I'm trying to index a large JSONB column based on a text field (with an ISO date string). This index works fine using = but is ignored if I use a > condition.
create table test_table (
id text NOT null primary key,
data jsonb,
text_test text
);
Then I add a bunch data to the jsonb column. And to ensure my JSON is valid, extract/copy the value I'm interested in from the JSONB column into another text column to test against too.
update test_table set text_test = (data->>'dueDate');
A quick sample shows it's good ISO formatted date strings:
select text_test, (data->>'dueDate') from test_table limit 1;
-- 2020-08-07T11:59:00 2020-08-07T11:59:00
I add btree indexes to both the JSONB and the text_test copy column. I tried adding one with explicit '::text' casting, as well as one with 'text_pattern_ops'.
create index test_table_duedate_iso on test_table using btree(text_test);
create index test_table_duedate_iso_jsonb on test_table using btree((data->>'dueDate'));
create index test_table_duedate_iso_jsonb_cast on test_table using btree(((data->>'dueDate')::text));
create index test_table_duedate_iso_jsonb_cast_pattern on test_table using btree(((data->>'dueDate')::text) text_pattern_ops);
Now if I query an exact value, explain shows it using the 'cast' version of the index. Good.
explain select * from test_table where (data->>'dueDate') = '2020-08-07T11:59:00';
"-> Bitmap Index Scan on test_table_duedate_iso_jsonb_cast (cost=0.00..10.37 rows=261 width=0)"
But if I try it with a >, it does a very slow full scan.
explain analyze select count(*) from test_table where (data->>'dueDate') > '2020-04-14';
--Aggregate (cost=10037.94..10037.95 rows=1 width=8) (actual time=1070.808..1070.813 rows=1 loops=1)

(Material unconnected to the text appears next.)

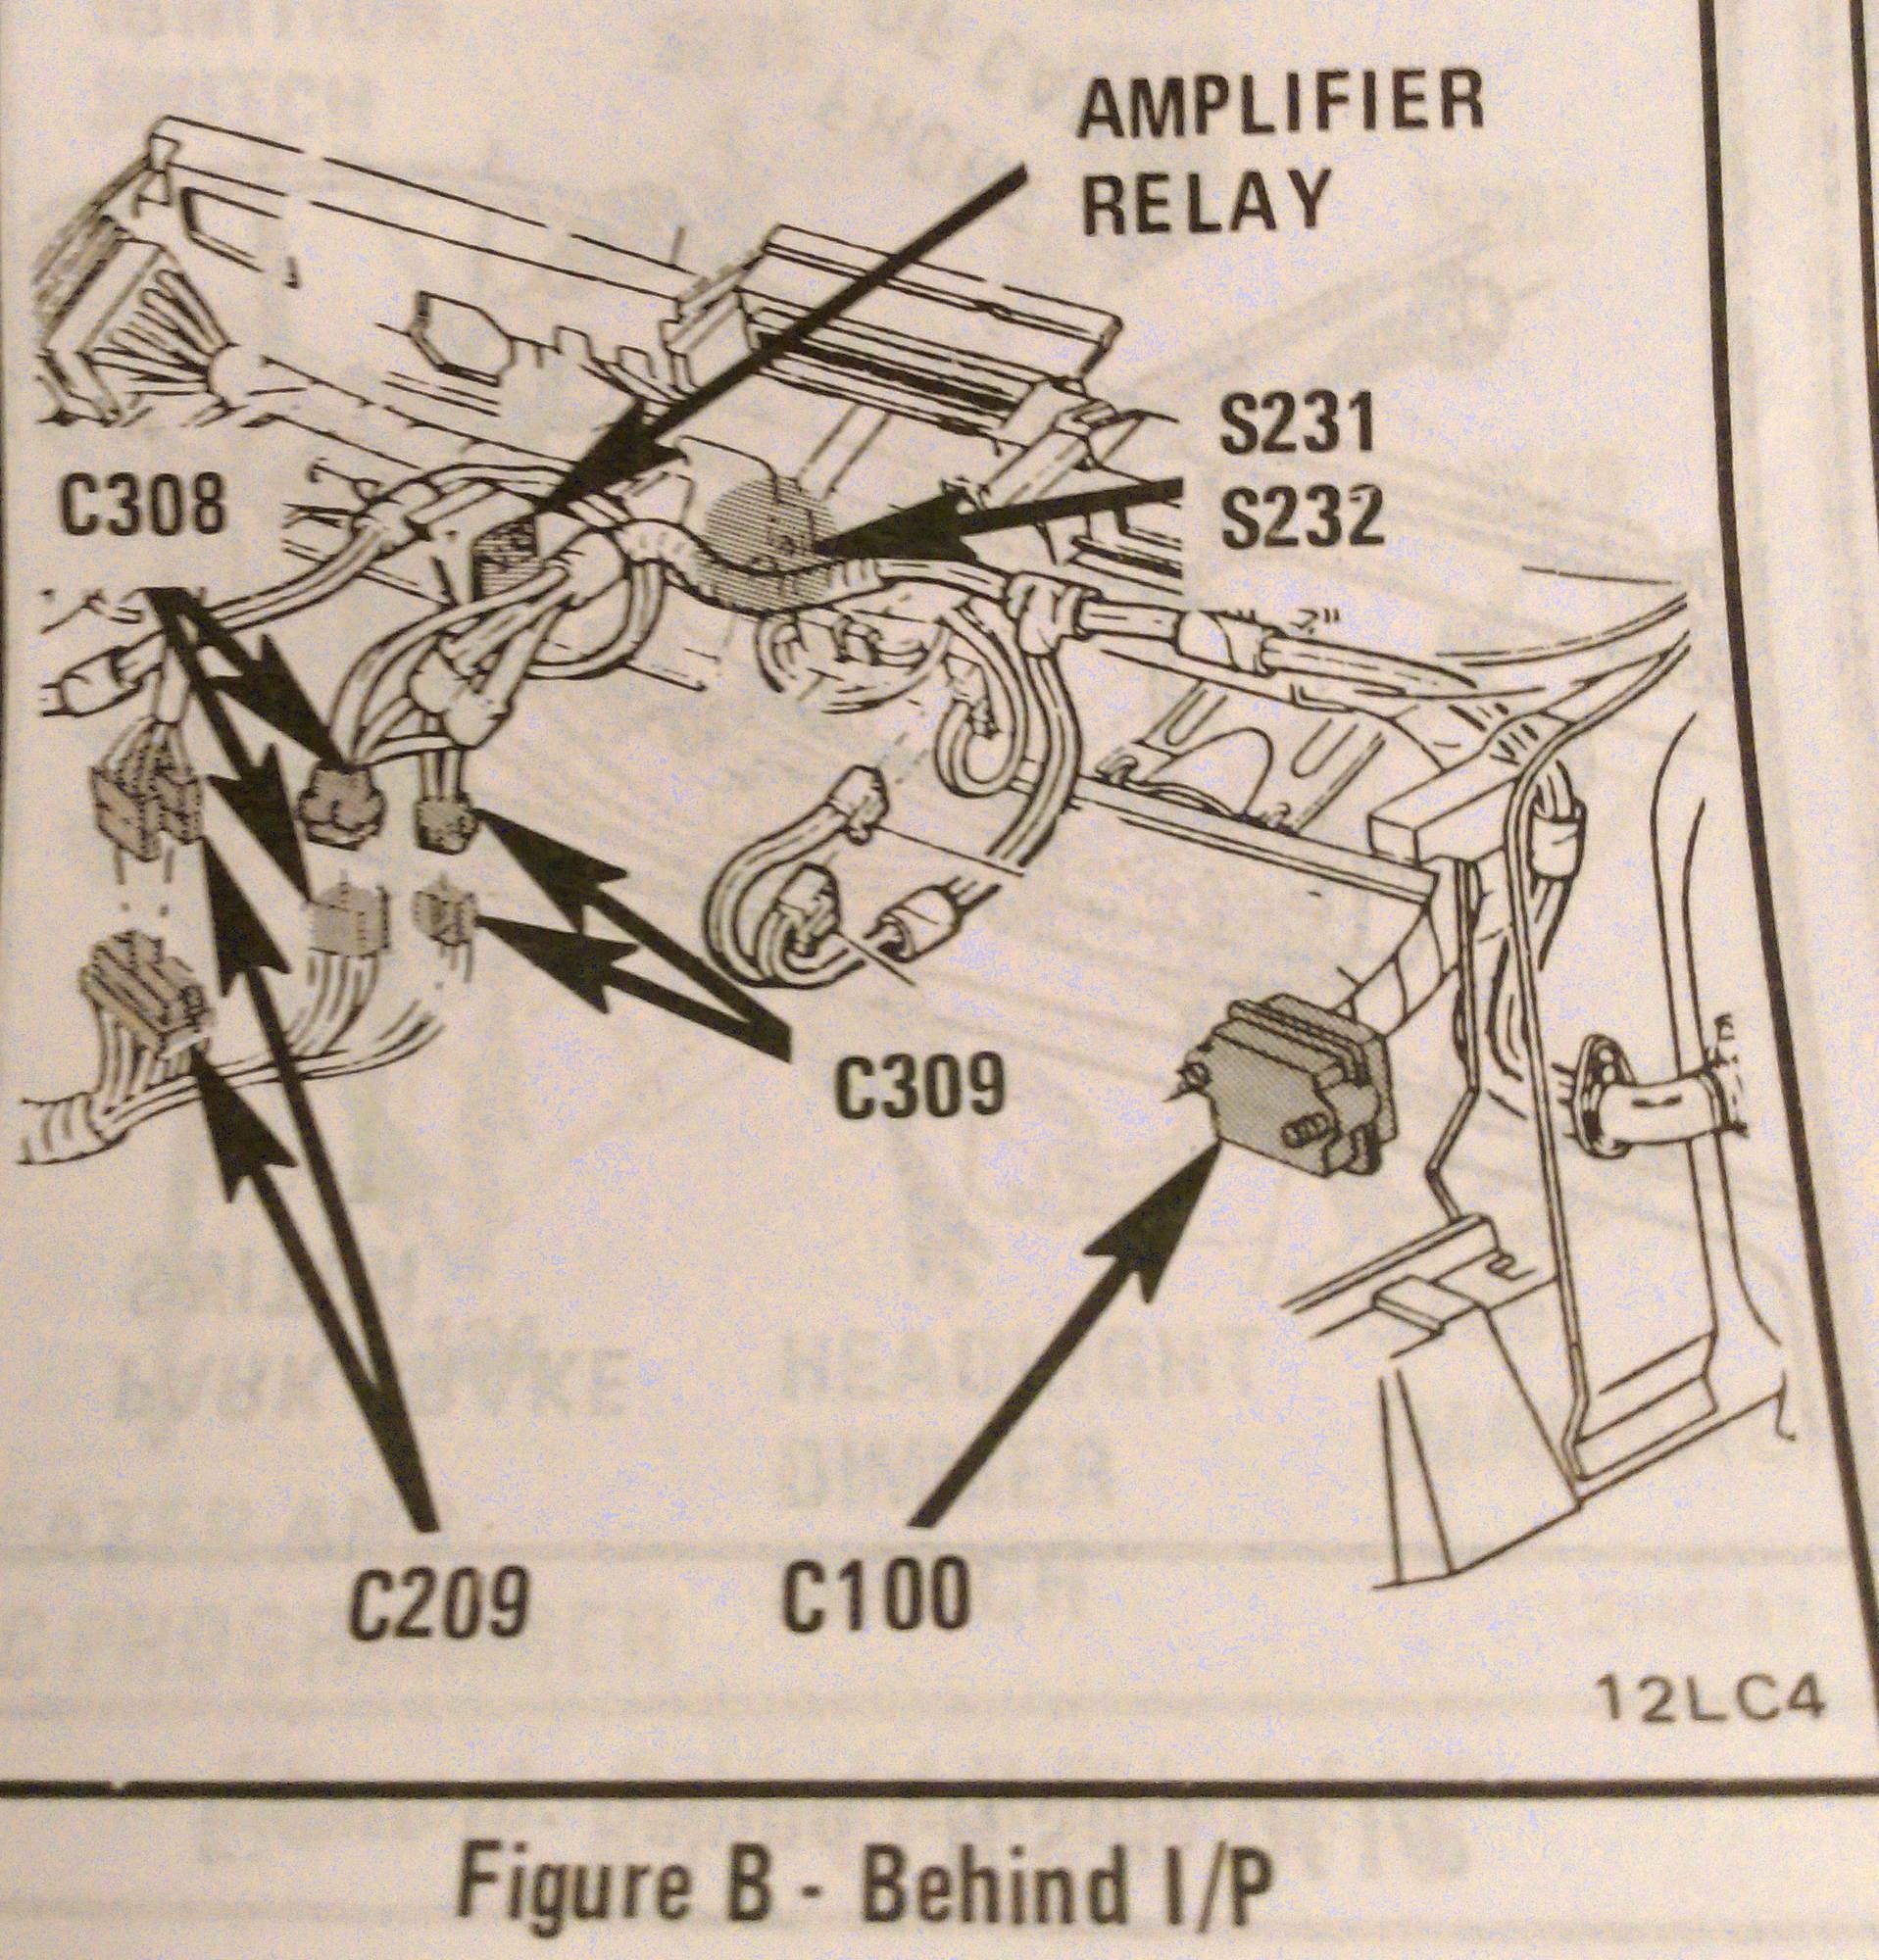 1986 Corvette Bose Radio Wiring Diagram Trusted Gm Amp Powers On But No Sound Corvetteforum Chevrolet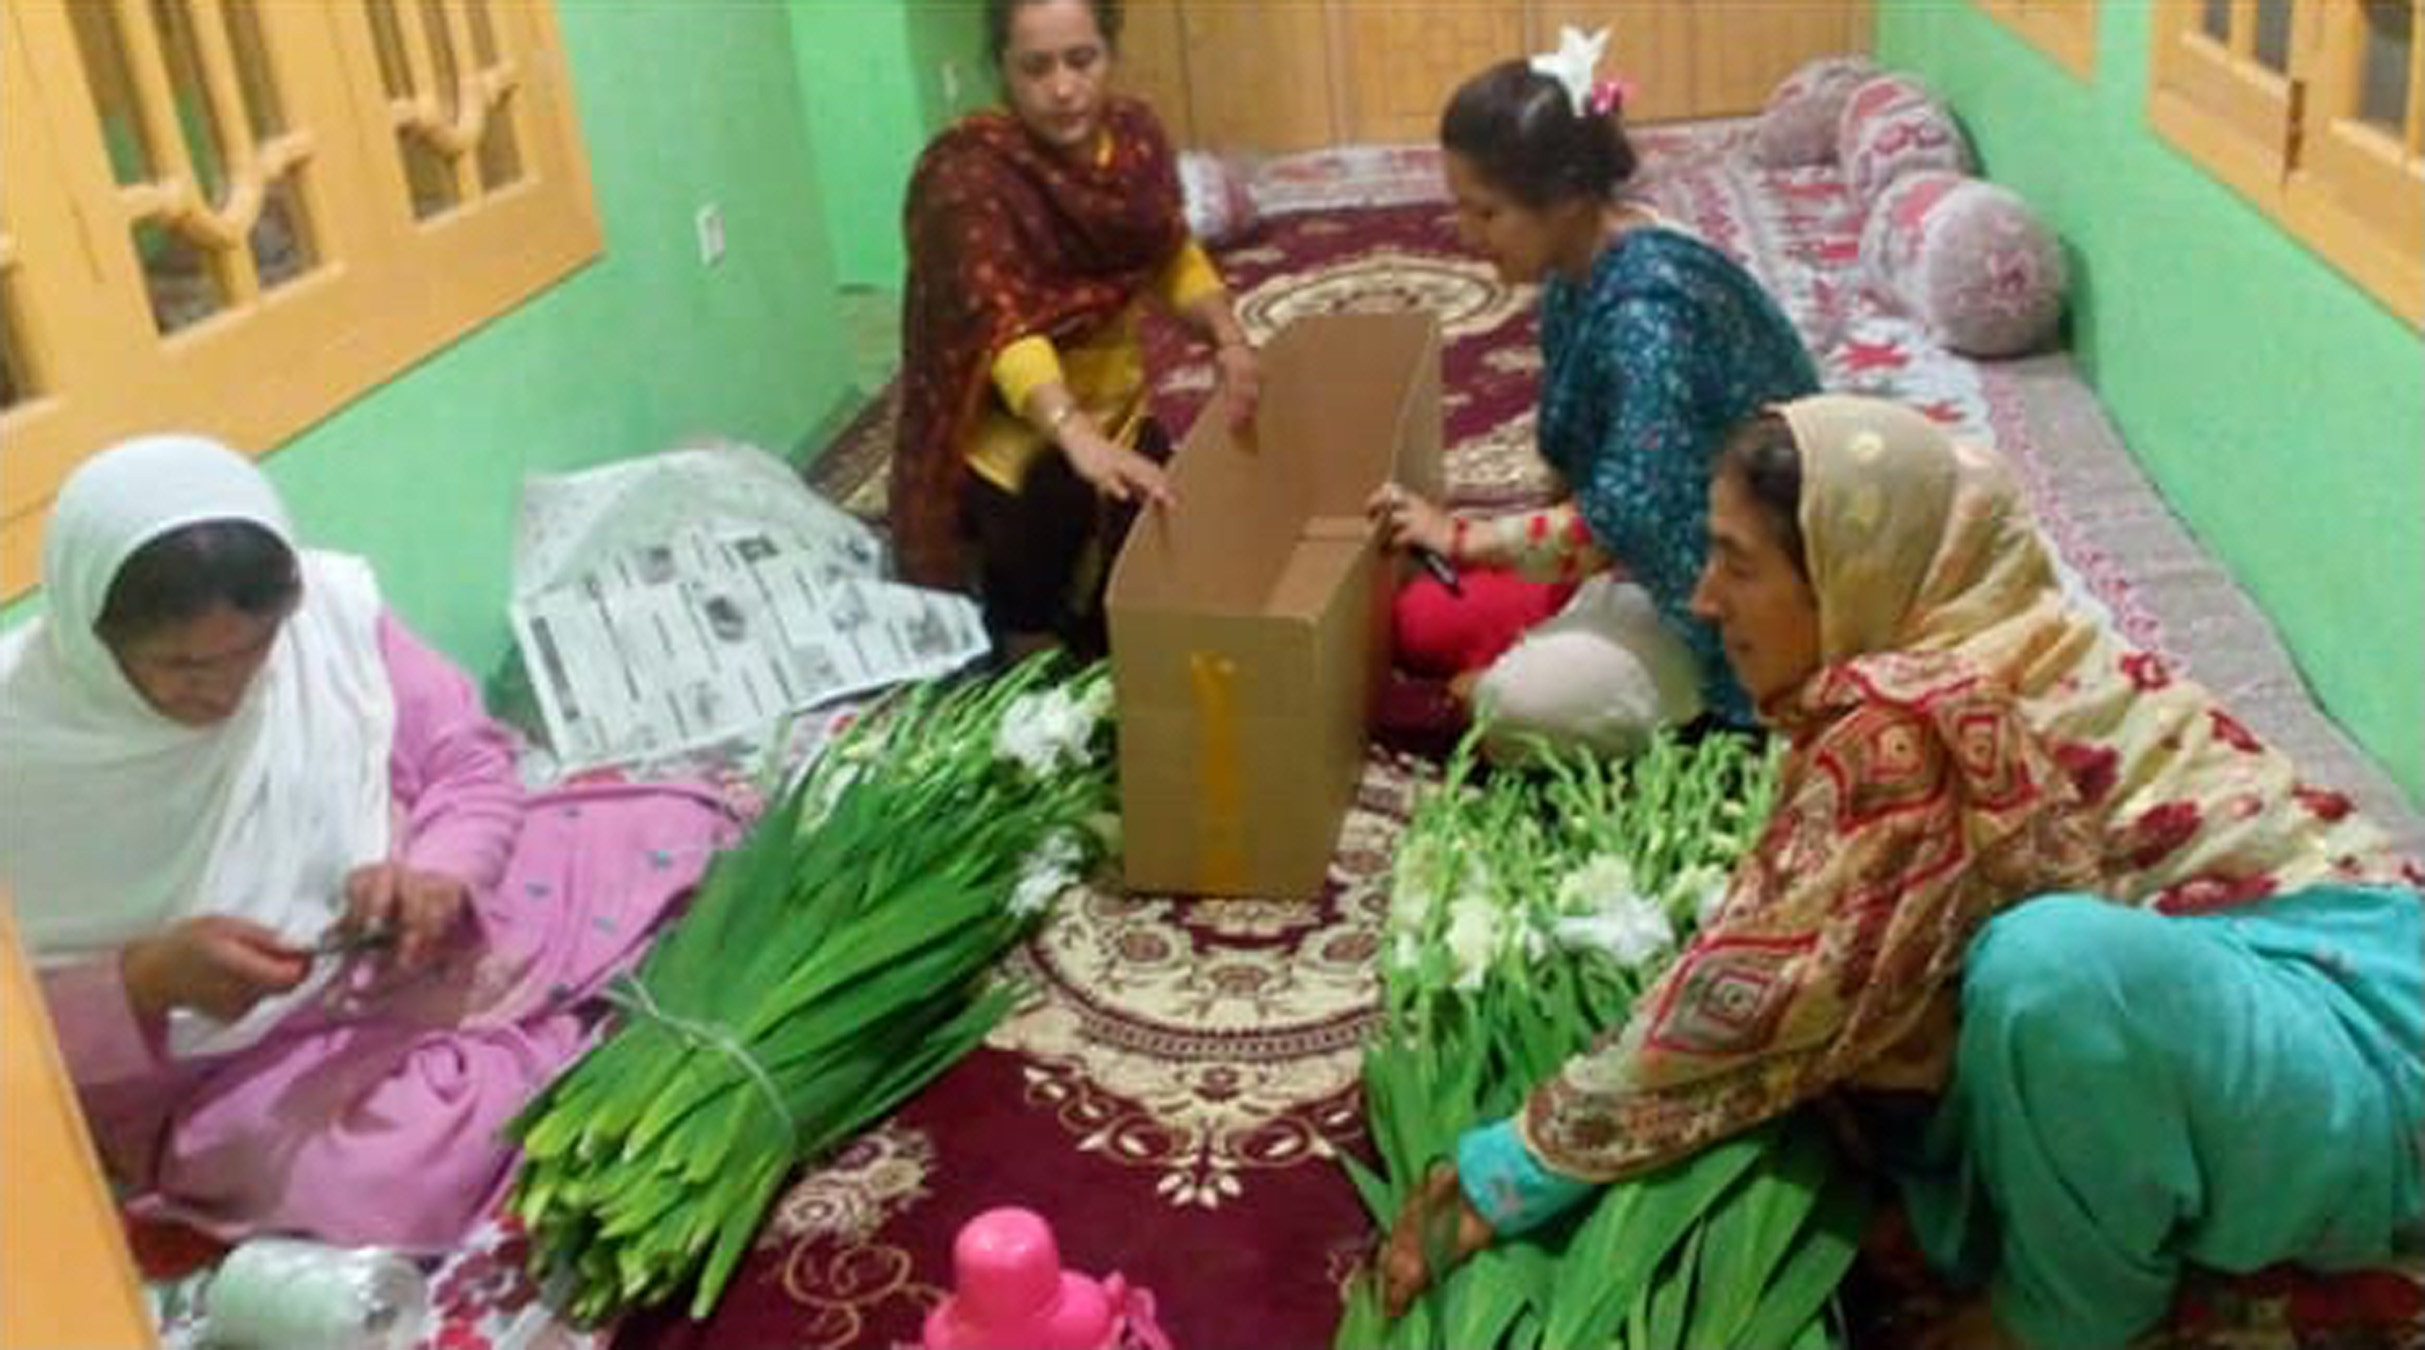 women packaging flowers for sale

-- -> Seq Scan on test_table (cost=0.00..9994.42 rows=17409 width=0) (actual time=0.069..1057.258 rows=2930 loops=1)
-- Filter: ((data ->> 'dueDate'::text) > '2020-04-14'::text)
-- Rows Removed by Filter: 49298
--Planning Time: 0.252 ms
--Execution Time: 1070.874 ms
So just to check my sanity, I do the same query against the text_test column, it uses it's index as desired:
explain analyze select count(*) from test_table where text_test > '2020-04-14';
--Aggregate (cost=6037.02..6037.03 rows=1 width=8) (actual time=19.979..19.984 rows=1 loops=1)
-- -> Bitmap Heap Scan on test_table (cost=77.76..6030.14 rows=2754 width=0) (actual time=1.354..11.007 rows=2930 loops=1)
-- Recheck Cond: (text_test > '2020-04-14'::text)
-- Heap Blocks: exact=455
-- -> Bitmap Index Scan on test_table_duedate_iso (cost=0.00..77.07 rows=2754 width=0) (actual time=1.215..1.217 rows=2930 loops=1)
-- Index Cond: (text_test > '2020-04-14'::text)
--Planning Time: 0.145 ms
--Execution Time: 20.041 ms
I have also tested indexing a numerical field within the JSON and it actually works properly, using it's index for ranged type queries. So it's something about the text field or something I'm doing wrong with it.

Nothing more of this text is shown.